* **Action item**
The reply should be an exact repeat of the listing, with no pictures in it.

* **Dataset section**

----------

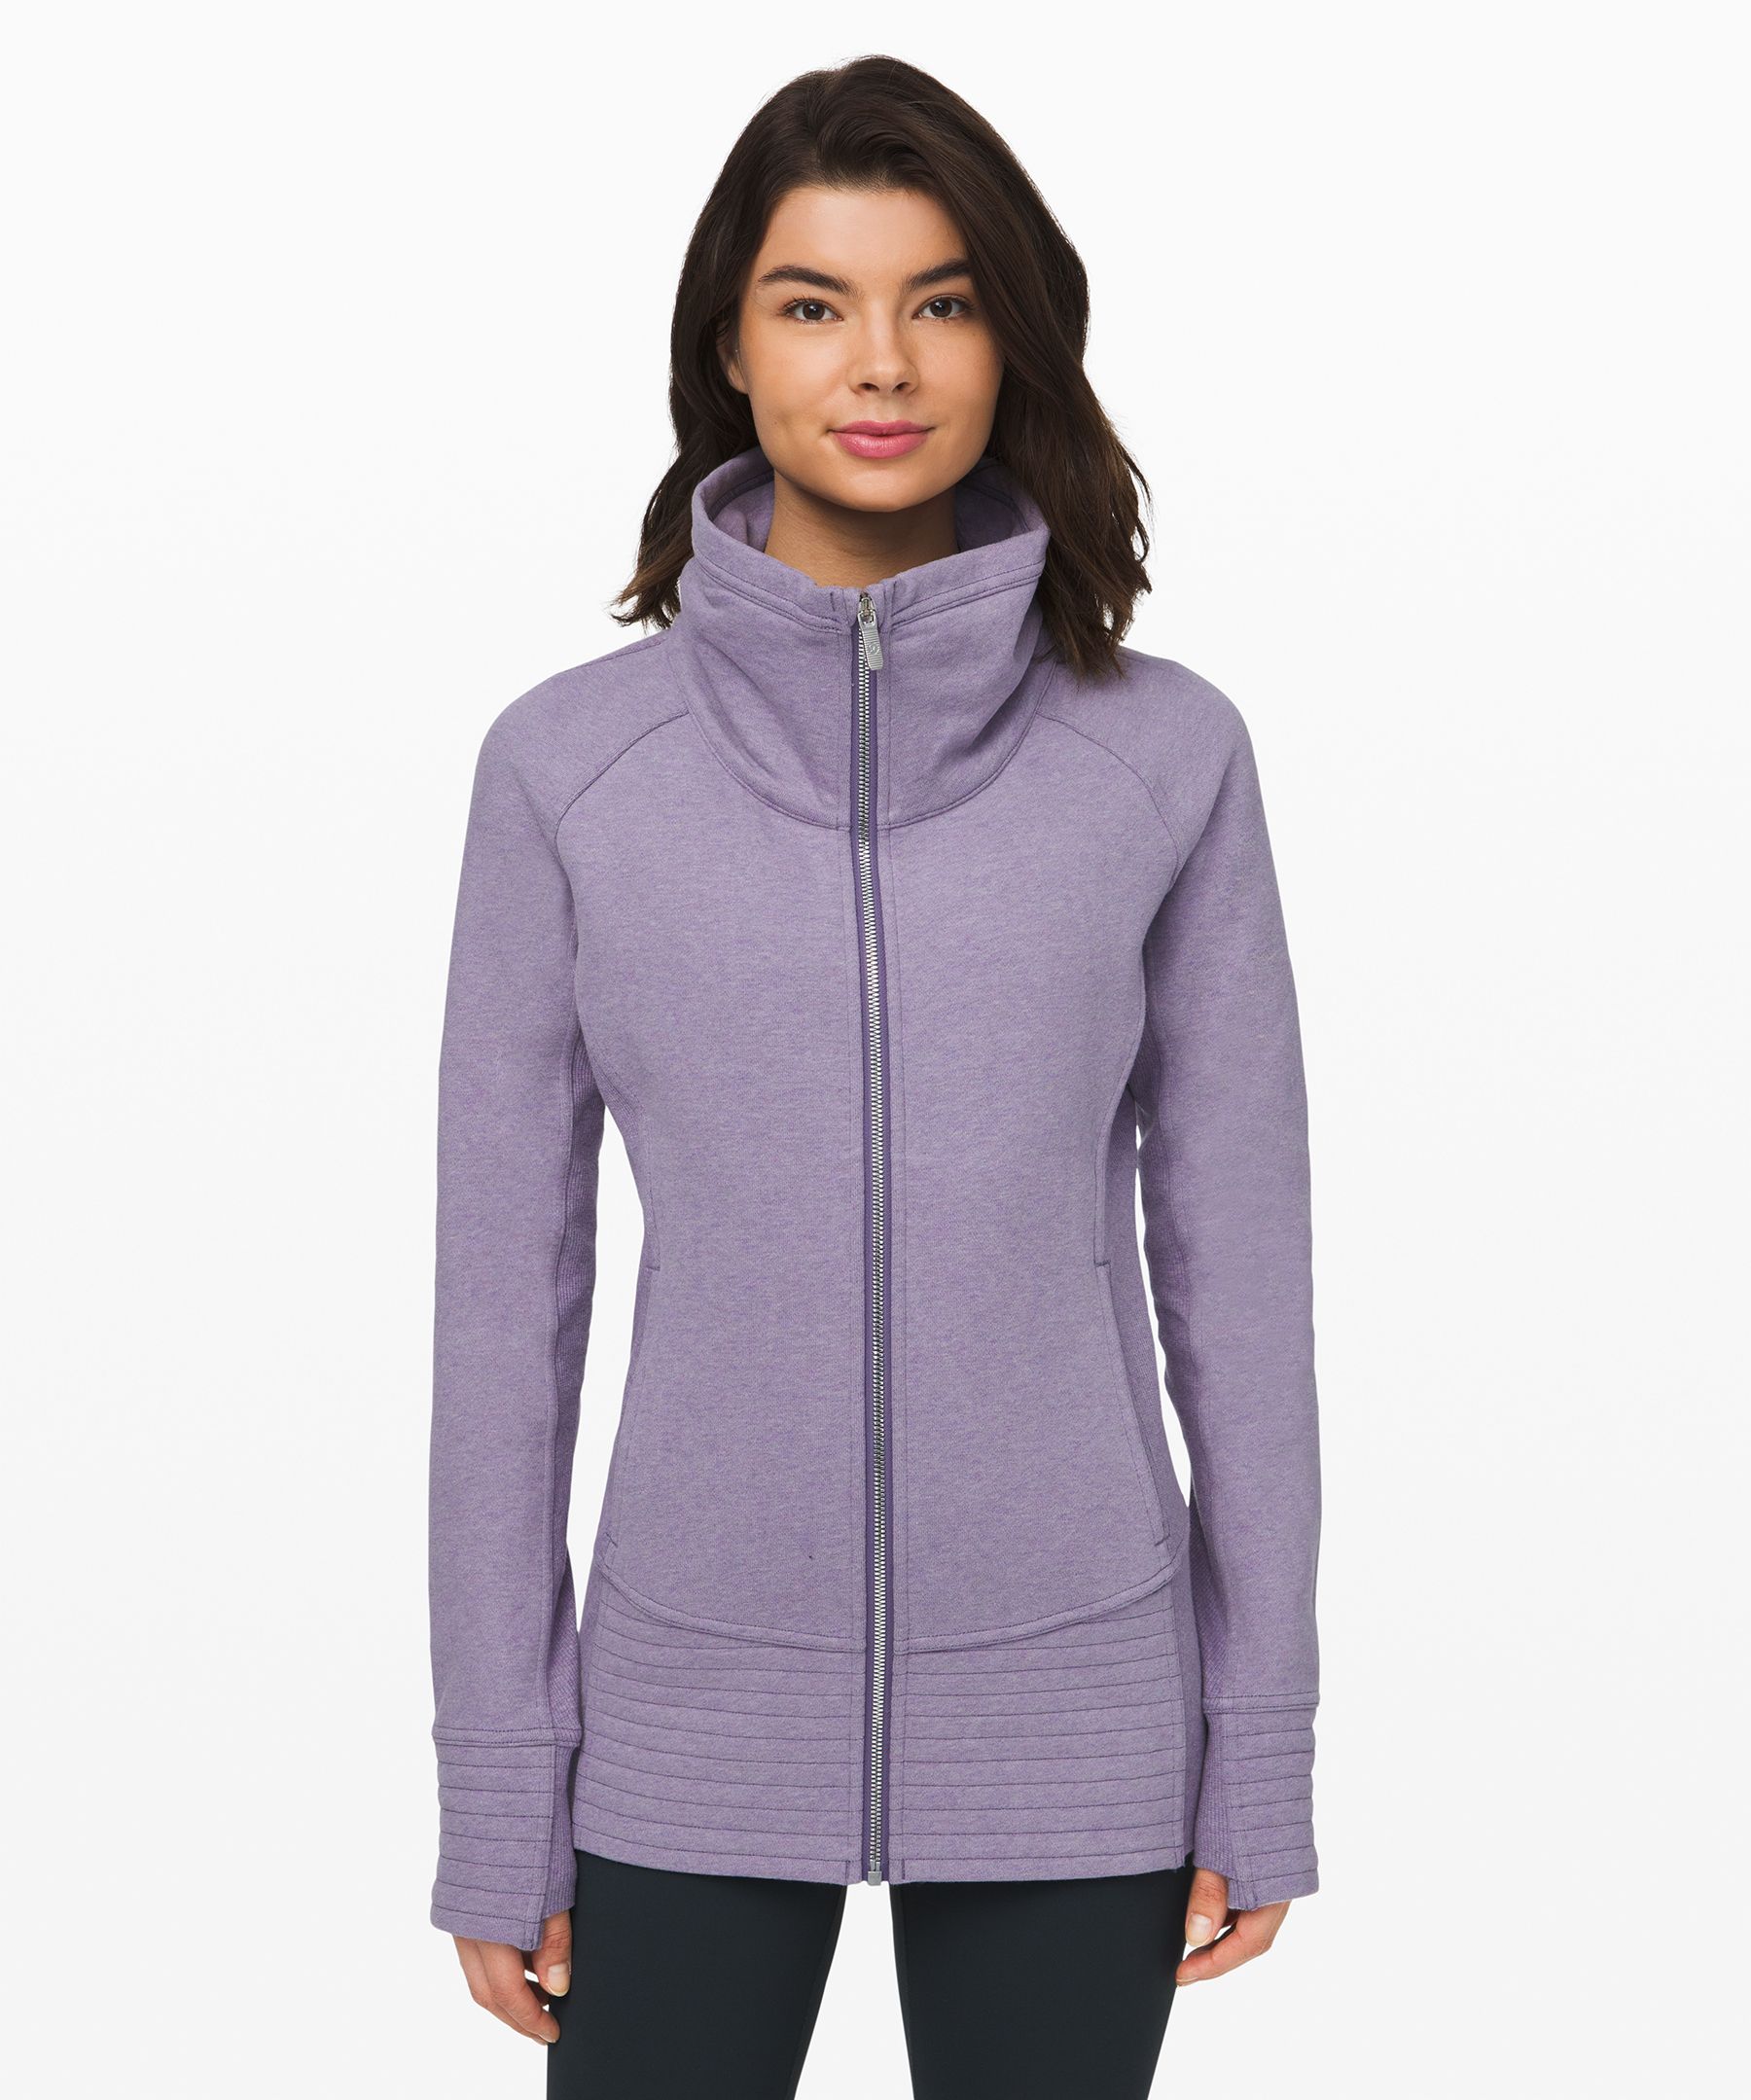 Lululemon Radiant Jacket Ii In Heathered Purple Quartz
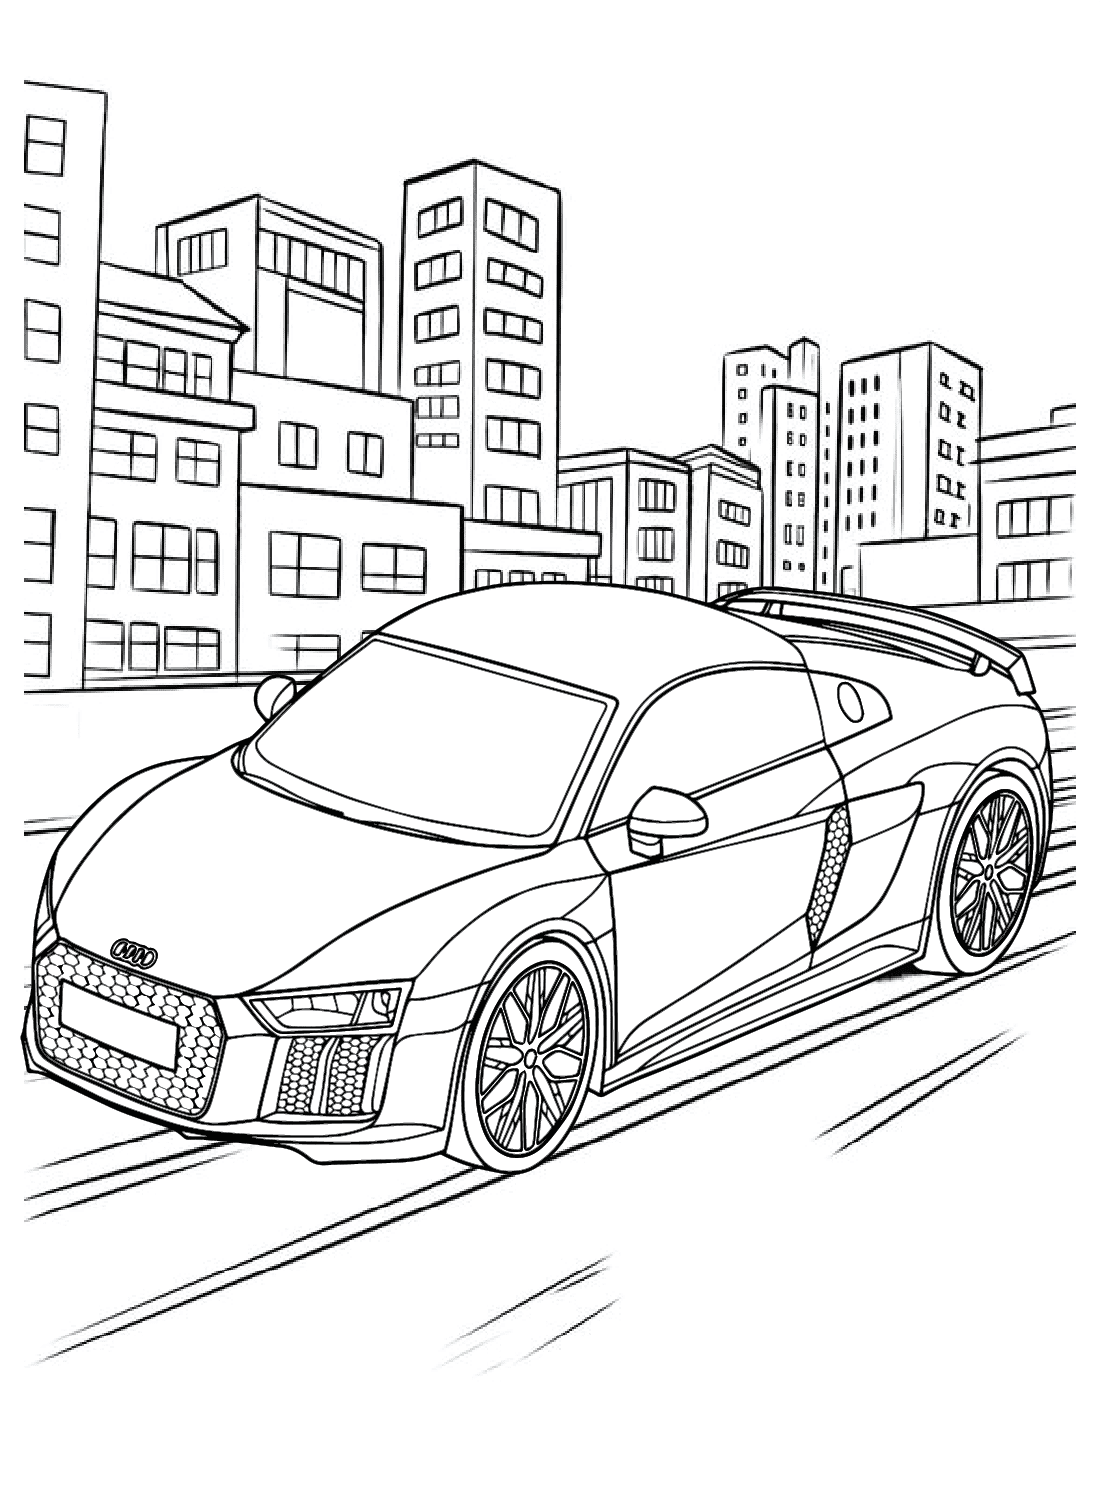 Раскраска модели Audi R8 от Audi
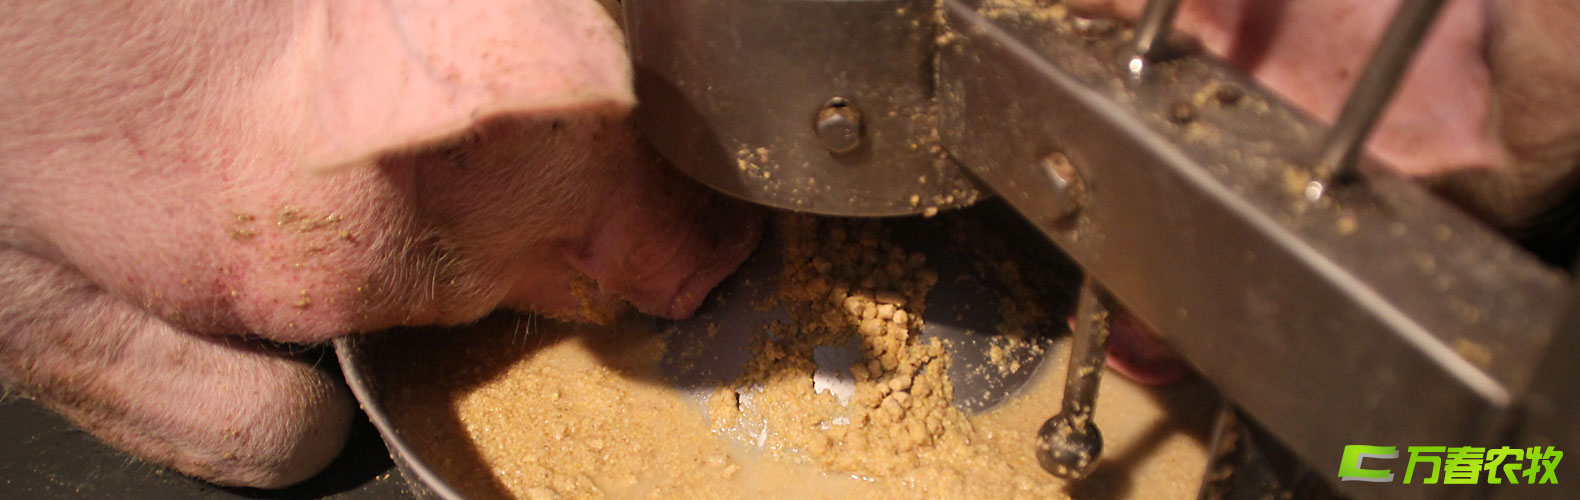 豬用濕拌飼料自動飼喂器與系統-四川成都萬春農牧機械

----------

* **Solution to this problem**
 Lululemon Radiant Jacket Ii In Heathered Purple Quartz
 Раскраска модели Audi R8 от Audi
 豬用濕拌飼料自動飼喂器與系統-四川成都萬春農牧機械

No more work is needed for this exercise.